И он ушел. Вышел на улицу и медленно побрел к центру Нылки. Постоял у клуба с парнями, о чем-то поговорил, долго и сосредоточенно изучал афишу кино, но так и не запомнил названия фильма. Все, что происходило вокруг, было похоже на дурной сон. Этого не должно было быть, но это было. Был Чуриков, был его отец, была Люська, и был ее отец… Не было только Сашки, который заварил всю эту кашу… Пуля, убившая Сашку, рикошетом отскочила в них с Люськой. Она сказала, что старик Нифонтов признался ей в чем-то. Неужели это ее отец застрелил Сашку? Девочка с тайной… Девочка не хочет верить, что ее отец — убийца. А он вот поверил было Чурикову, поверил сразу, безоговорочно. Поверил в какую-то страшную сказку…

Клуб остался далеко позади… Ему казалось, что он идет без цели, просто бродит по улицам наедине со своими путаными размышлениями… Казалось… На самом-то деле цель была… Он не думал о ней, он гнал эту мысль, но он знал, чего ищет… Он искал встречи с Чуриковым, он обходил стороной улицы, где его наверняка не могло быть, он ходил и ходил по тем, где надеялся его встретить.

И встретил.

Увидел заплывшую нездоровым жиром рожу там, где ей положено было быть. Чуриков выполз из магазина. В руках у него была авоська, из которой торчало темное горлышко посудины, ласково прозванной пьяницами «огнетушителем».
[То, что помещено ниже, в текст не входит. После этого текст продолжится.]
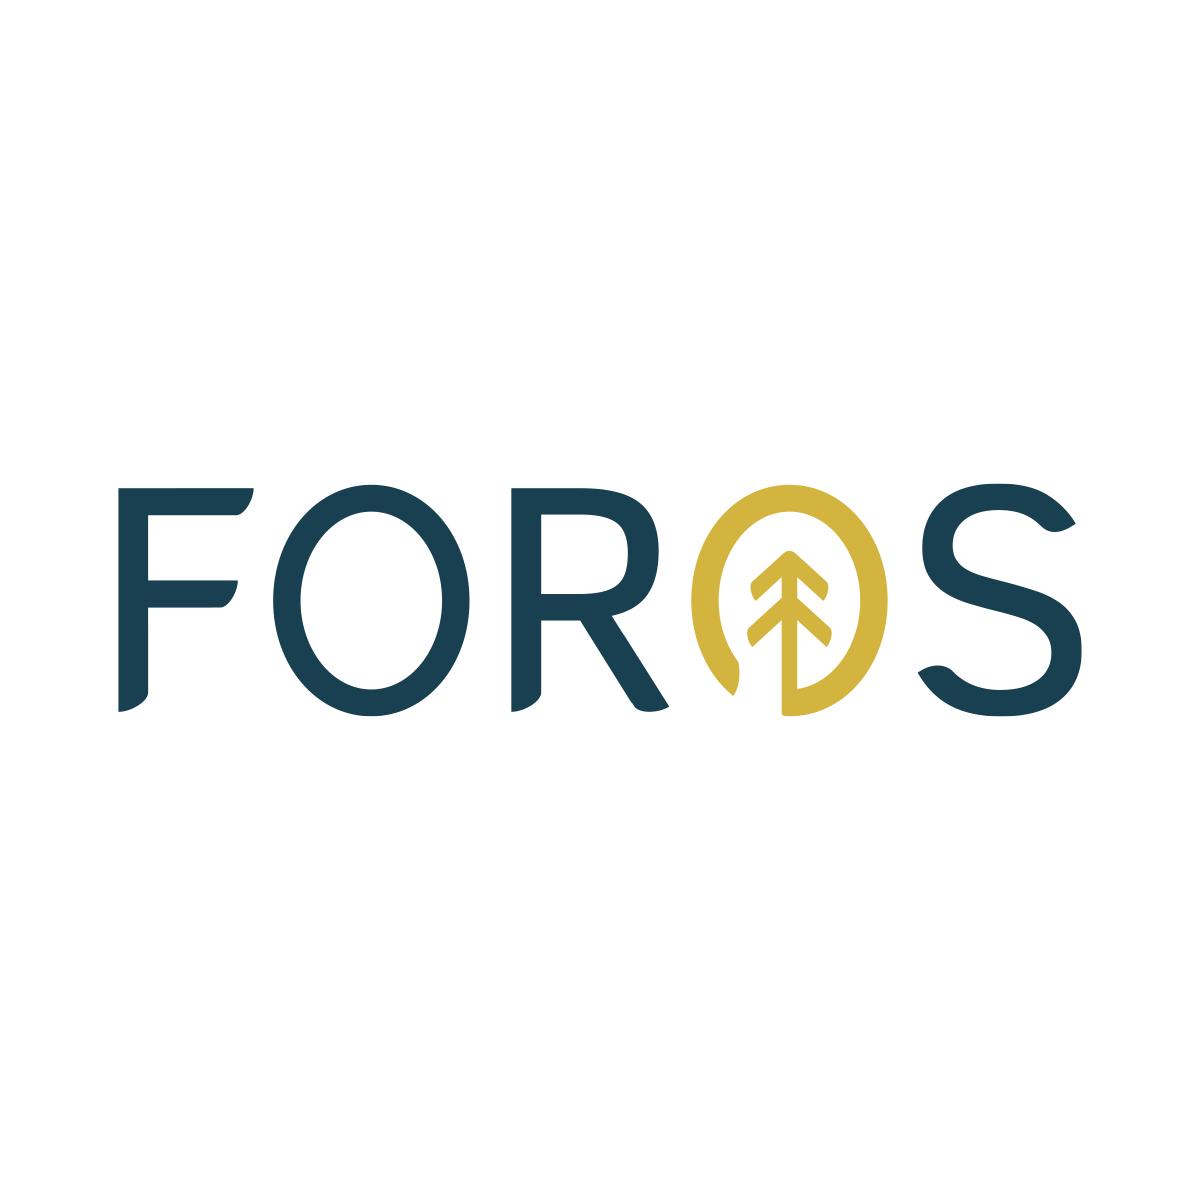 Foros's logo

Славка подождал, пока Чуриков поравнялся с ним, и спросил:

— Помыться не хочешь, Чуриков?

Он не понял. Тогда Славка сказал:

— Значит, считаешь, что запонадобится ванночка? Так, что ли?
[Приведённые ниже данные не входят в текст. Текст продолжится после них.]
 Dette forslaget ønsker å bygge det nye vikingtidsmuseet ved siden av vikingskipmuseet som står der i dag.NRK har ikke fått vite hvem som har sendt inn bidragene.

— Но-но, — прохрипел Чуриков, отступая и загораживаясь авоськой.

И тогда Славка его ударил. Он вложил в этот удар все, что накопилось в нем с утра. Он, наверное, ограничился бы этим ударом, если бы этот пьянчужка не стал защищаться. Плюнул бы и ушел. Но Чуриков бросил авоську, подхватил бутылку и запустил в Славку. Бутылка попала в грудь. Что-то хрустнуло, у Славки перехватило дыхание, на мгновение потемнело в глазах. И это решило все.
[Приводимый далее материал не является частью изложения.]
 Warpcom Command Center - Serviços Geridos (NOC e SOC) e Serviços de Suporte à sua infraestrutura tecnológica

Анатомия человеческого тела для студента-медика открытая книга. Чуриковское тело в этом смысле не составляло исключения, болевые точки у Чурикова находились в тех местах, где им положено было быть. «За Анечку», — сказал Славка, направляя удар в челюсть. «За ванночку». — И его кулак обрушился на чуриковскую голову.

Потом Леснев-младший долго плавал в каком-то красном тумане, вынырнуть из которого ему удалось только тогда, когда он оказался в квартире участкового инспектора. Славка сидел на стуле. А перед ним стоял Кириллов. На столе лапками кверху лежала жареная утка. Из глубины комнаты печально смотрела жена участкового. Сам он говорил Кириллову:

— Насилу оторвал… Чуриков — в больнице… Состояние скверное… Ничего не слышит, на вопросы не отвечает…

— Синдром оглушенности, — сказала жена участкового из угла.

Кириллов смотрел задумчиво. Потом спросил:

— Намерены объясняться, студент?

— А зачем? — спросил Славка, рассматривая свои руки. Суставы пальцев были разбиты, но боли он еще не чувствовал.

— Вы изувечили человека, — сказал Кириллов хмуро.

— Он это заслужил.

Кириллов переглянулся с участковым.

— Все это, — сказал он, вздохнув, — несомненно сыплется из одного мешка. Отрыжка. Что же вы съели, студент, хотел бы я знать…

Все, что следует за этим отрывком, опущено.